On the way to the airport, the limousine stalled in traffic. Fleur studied the shop windows until a Cityrama bus blocked her view. The limousine crawled forward another thirty feet, swung in front of the bus, and she found herself gazing into Jake’s face on a billboard advertising Disturbance at Blood River. The flat brim of his hat shaded his eyes, his cheeks were grizzled, and he had a cheroot clamped in the corner of his mouth. Bird Dog Caliber-a man without weakness, a man who didn’t need anybody. What had made her think that she could finally civilize him?
She closed her eyes. She had a business to run, and she couldn’t afford to be away any longer, but she needed a few days-just a few days alone-before she went back. She needed to be in a place where no one could find her, a place where she could stop spending her days waiting for a phone call that would never come. She’d healed from heartbreak before. She could do it again.
She’d do it on Mykonos.
The white stucco cottage sat in an olive grove not far from a deserted beach. She toasted herself in the sun, took long, barefoot walks along the ocean, and told herself time would heal her wounds. But she felt numb and color-blind. On Mykonos-where the whites were so white they hurt the eyes, and the turquoise of the Aegean so bright it redefined the hue-everything had faded to gray. She didn’t feel hunger when she forgot to eat, or pain when she stepped on a sharp rock. She walked along the ocean-saw that her hair was blowing-but she couldn’t feel the breeze touch her skin, and she wondered if the terrible numbness would ever go away.
At night, tortured memories of making love with Jake awakened her. His lips on her breasts…the feel of him stretching her, pulsing…If he’d loved her as she loved him, he’d have known she could never betray him.
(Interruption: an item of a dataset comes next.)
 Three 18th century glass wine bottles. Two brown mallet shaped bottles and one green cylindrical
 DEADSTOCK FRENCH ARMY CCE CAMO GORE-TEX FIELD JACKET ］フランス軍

This was what she’d been afraid of all along. This was the reason she’d put him off when he’d suggested marriage. She hadn’t trusted him to love her enough, and she’d been right. He hadn’t loved her enough to stand strong.
By the third day, she knew Mykonos held no magical healing powers. She’d neglected her business too long, and she had to return to New York. Still, she lingered another two days before she made herself call David and tell him when she was returning.
She was numb and grief-stricken, but she wasn’t broken.
By the time she got off the plane at Kennedy, it had begun to snow. Her wool slacks itched her thighs where they were peeling from the sun, and her stomach was queasy from two hours of turbulence over the Atlantic. The snow made getting a cab more arduous than usual, and the one she finally found had a broken heater. It was well after midnight before she slipped the bolt on her door and let herself into her living room.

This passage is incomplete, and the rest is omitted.